Updated on May 03, 2020
Medically reviewed by
Todd Gersten, M.D.
Article written by
Kelly Crumrin

Once breast cancer is diagnosed, it is graded and staged. The grade describes the appearance of the biopsied cancer cells under the microscope, and the stage describes the likely pattern of growth and spread of the cancer. Staging predicts how aggressive a cancer will be and helps the oncologist recommend the most effective breast cancer treatment. Grade is a factor in staging.

Grades of Breast Cancer

The grade of a tumor is an expression of how its cells appear under a microscope. Invasive tumors are graded 1 (low), 2 (medium), or 3 (high) by how much they look and grow like normal cells, in a regular and organized fashion.
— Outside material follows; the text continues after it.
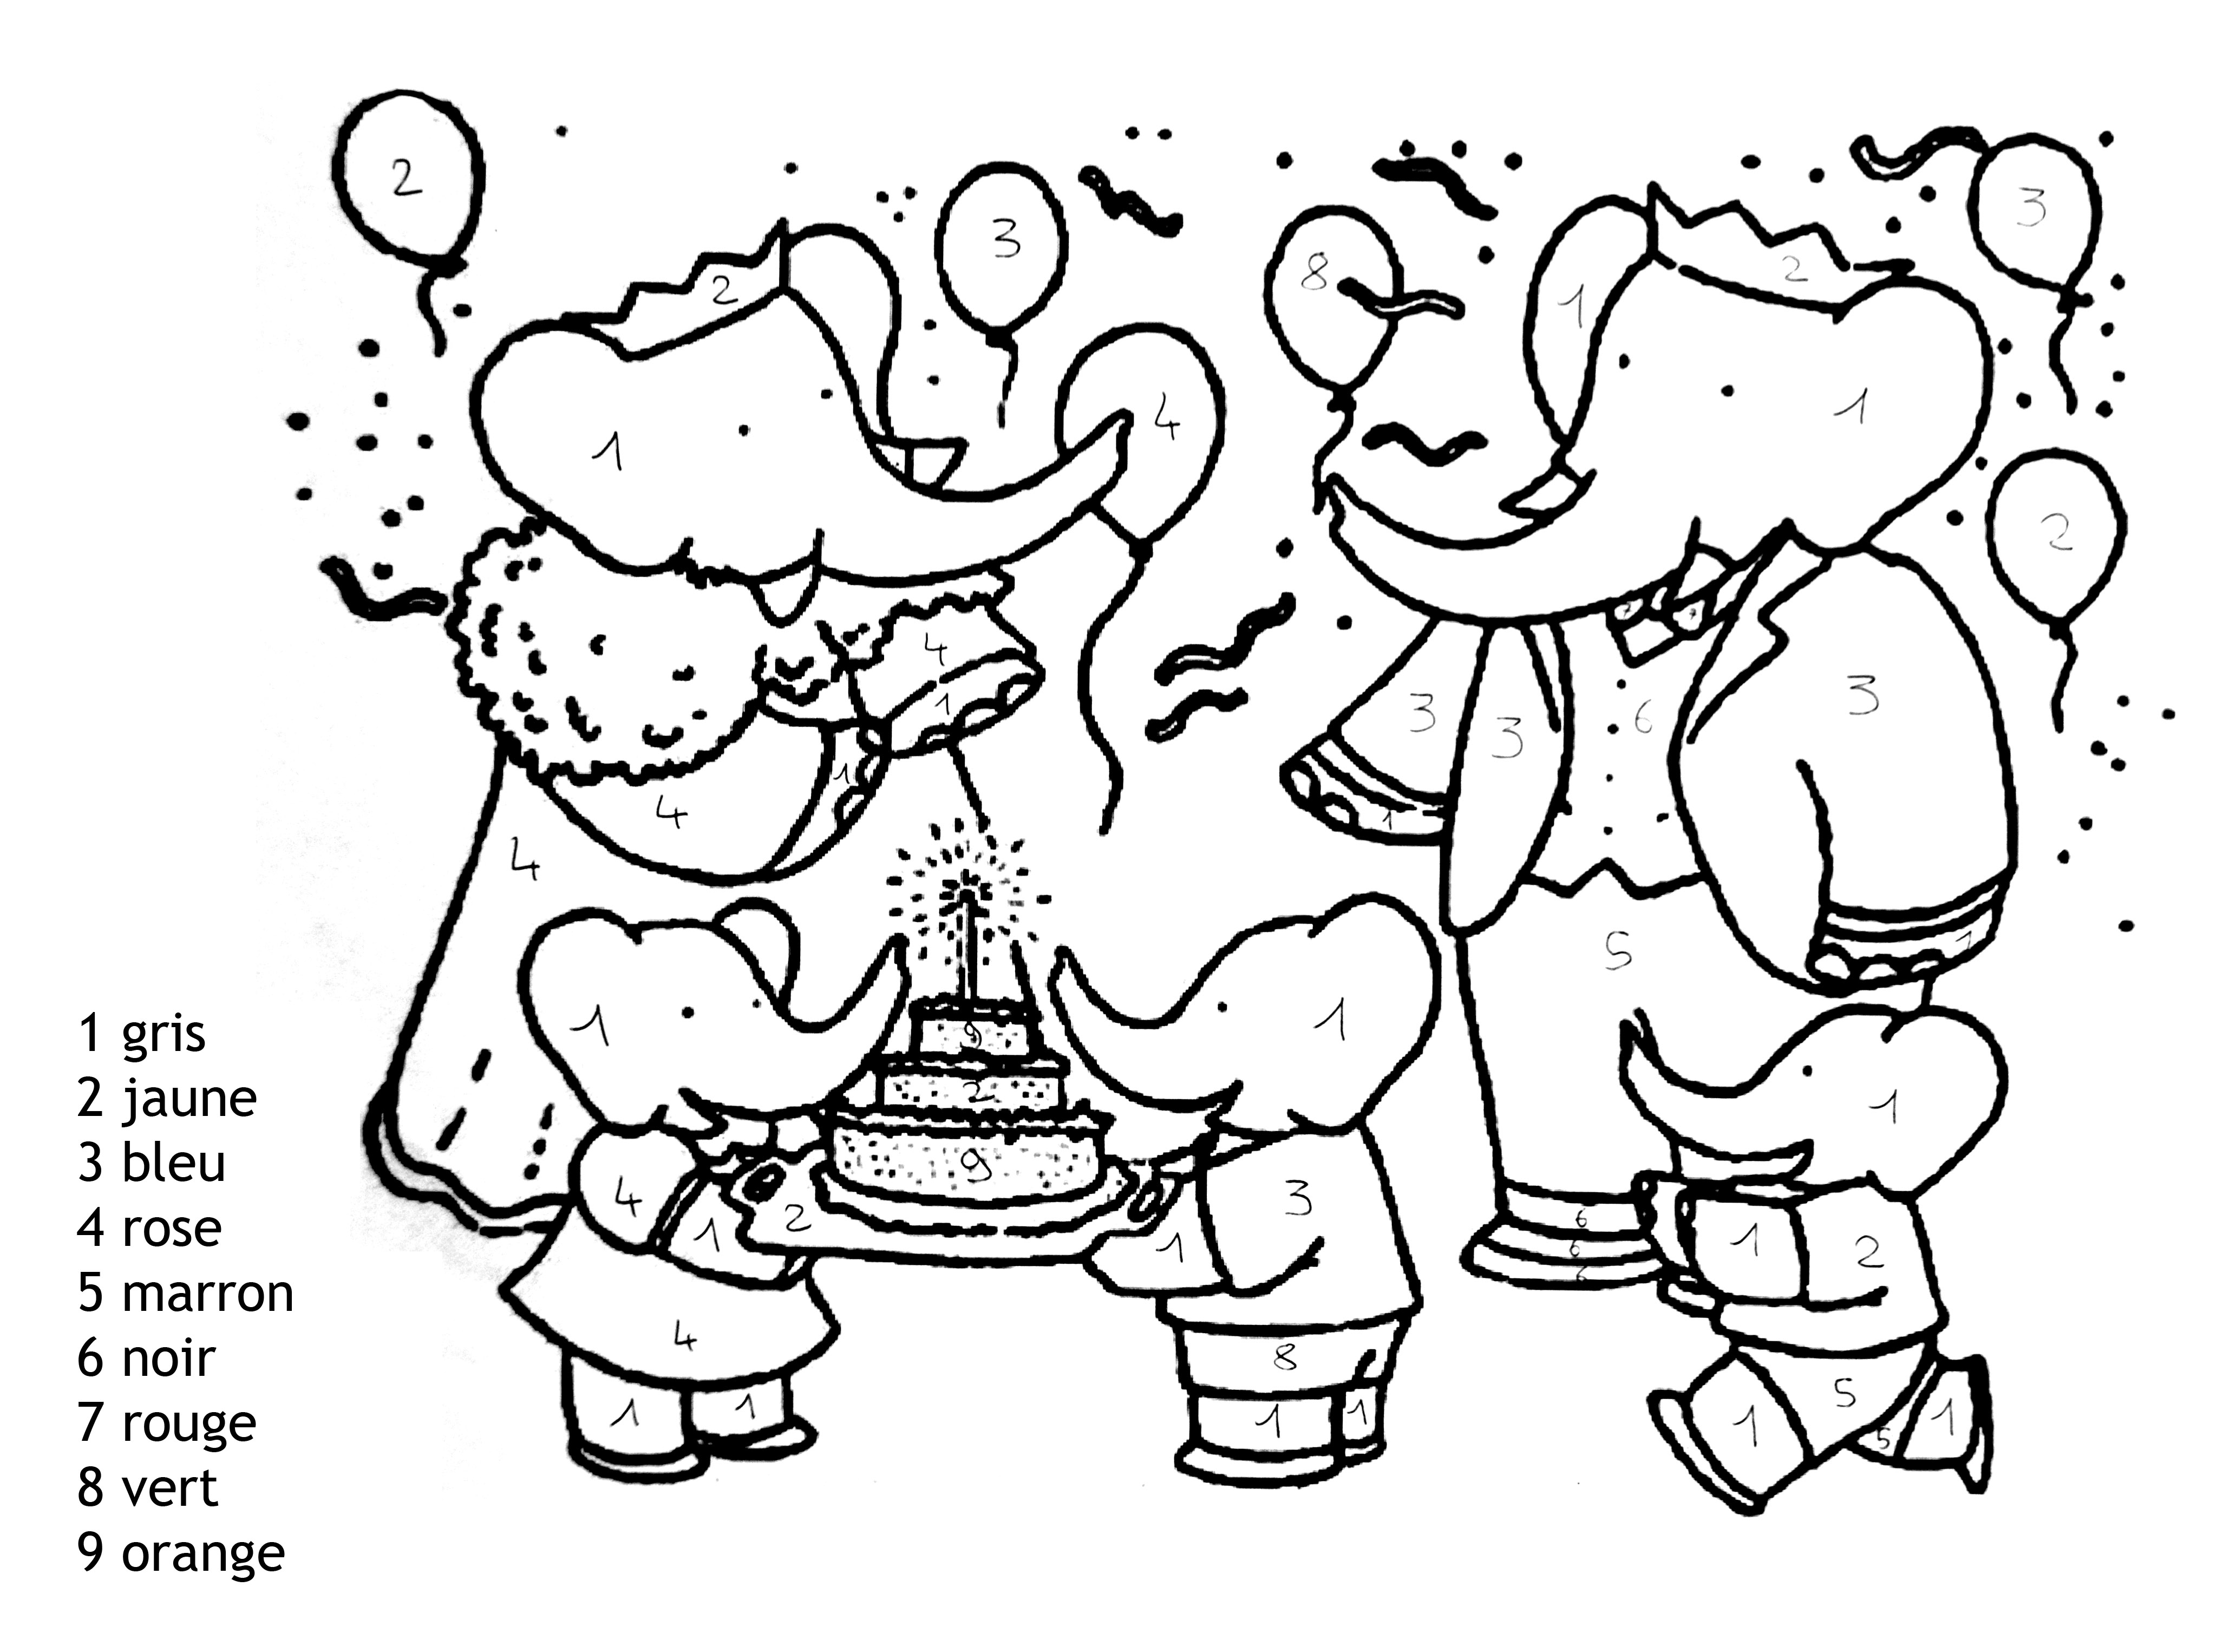 Magic Coloring coloring page to print and color : Babar and his elephant family

A low grade means that the cells are closer to normal, and more likely to grow slowly. Higher grades of cells are irregular and disorganized and may grow more quickly. Oncologists also describe low-grade tumors as well-differentiated, meaning they look and grow much like they should, or poorly differentiated, meaning they appear abnormal and grow in an unusual pattern.
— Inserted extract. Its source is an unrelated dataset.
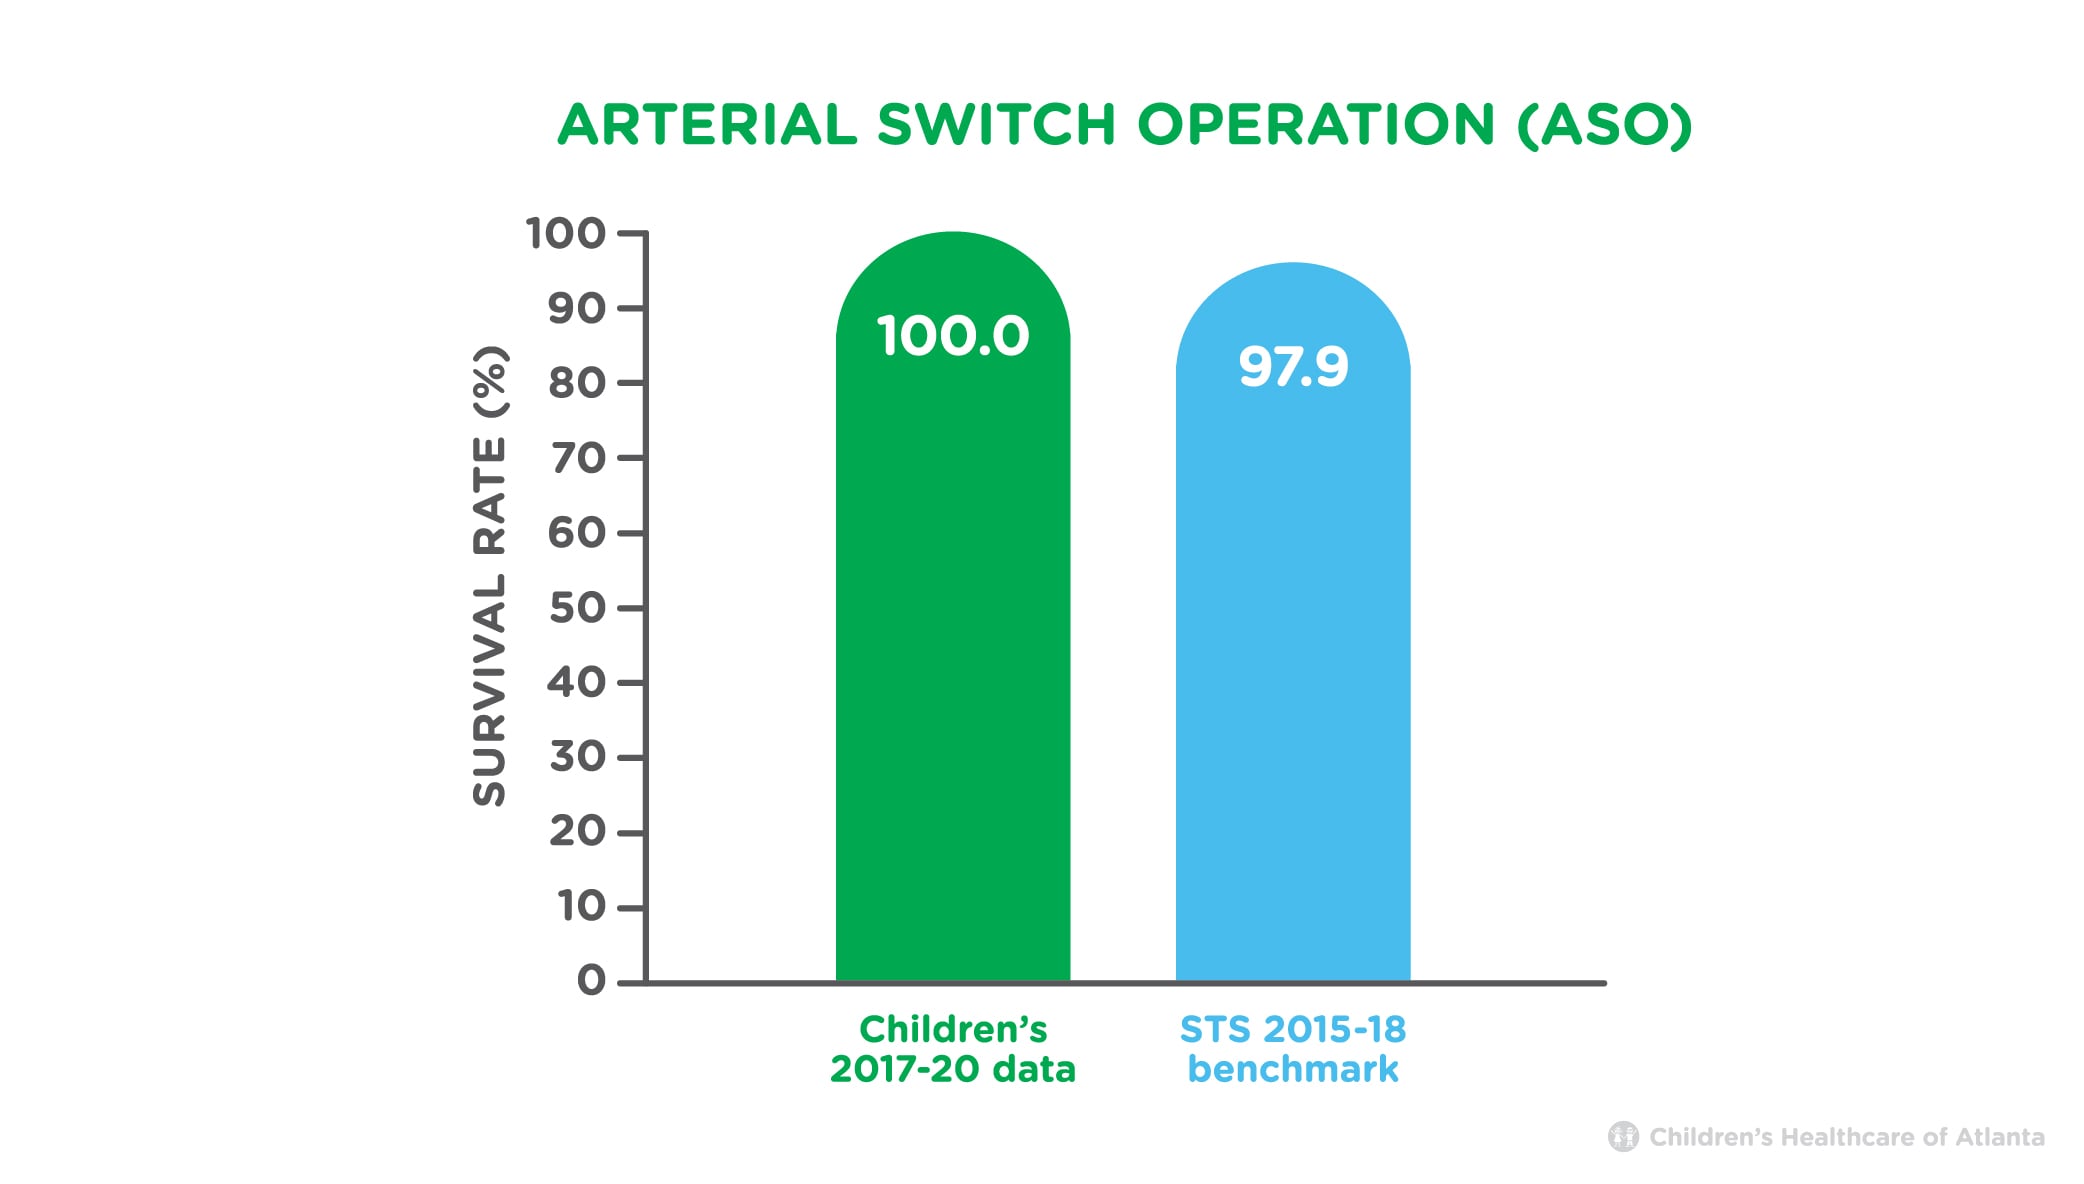 Arterial Switch Operation Survival Rate

Noninvasive (in situ) tumors may be described as low, medium, or high, rather than numbered 1 through 3. Read more about types of tumors.

The grade of a tumor can be found in the pathology report.

Stages of Breast Cancer

Traditionally, breast cancer was staged based on three factors: the size of the primary (original) tumor, the number of lymph nodes the cancer had spread to, and whether or not the tumor had metastasized – spread to other parts of the body such as the lungs, brain, bones, or liver. In 2018, the American Joint Committee on Cancer published new criteria that include additional characteristics to be considered: the grade of the tumor and the molecular subtype (read more about types of cancer and hormone receptor status). Molecular subtypes are determined using a test called Oncotype DX during the process of breast cancer diagnosis. Staging may also depend on whether surgery or another treatment approach is used first.

A prognosis is a forecast of how the disease will proceed and how many years the person will survive. Oncologists base an individual’s prognosis on the grade, stage, and type of their breast cancer and how thousands of similar cases of breast cancer have proceeded and responded to treatment. Generally, a more advanced stage means a poorer prognosis. More advanced stages of breast cancer are harder to treat. However, there are effective treatments for each stage of breast cancer.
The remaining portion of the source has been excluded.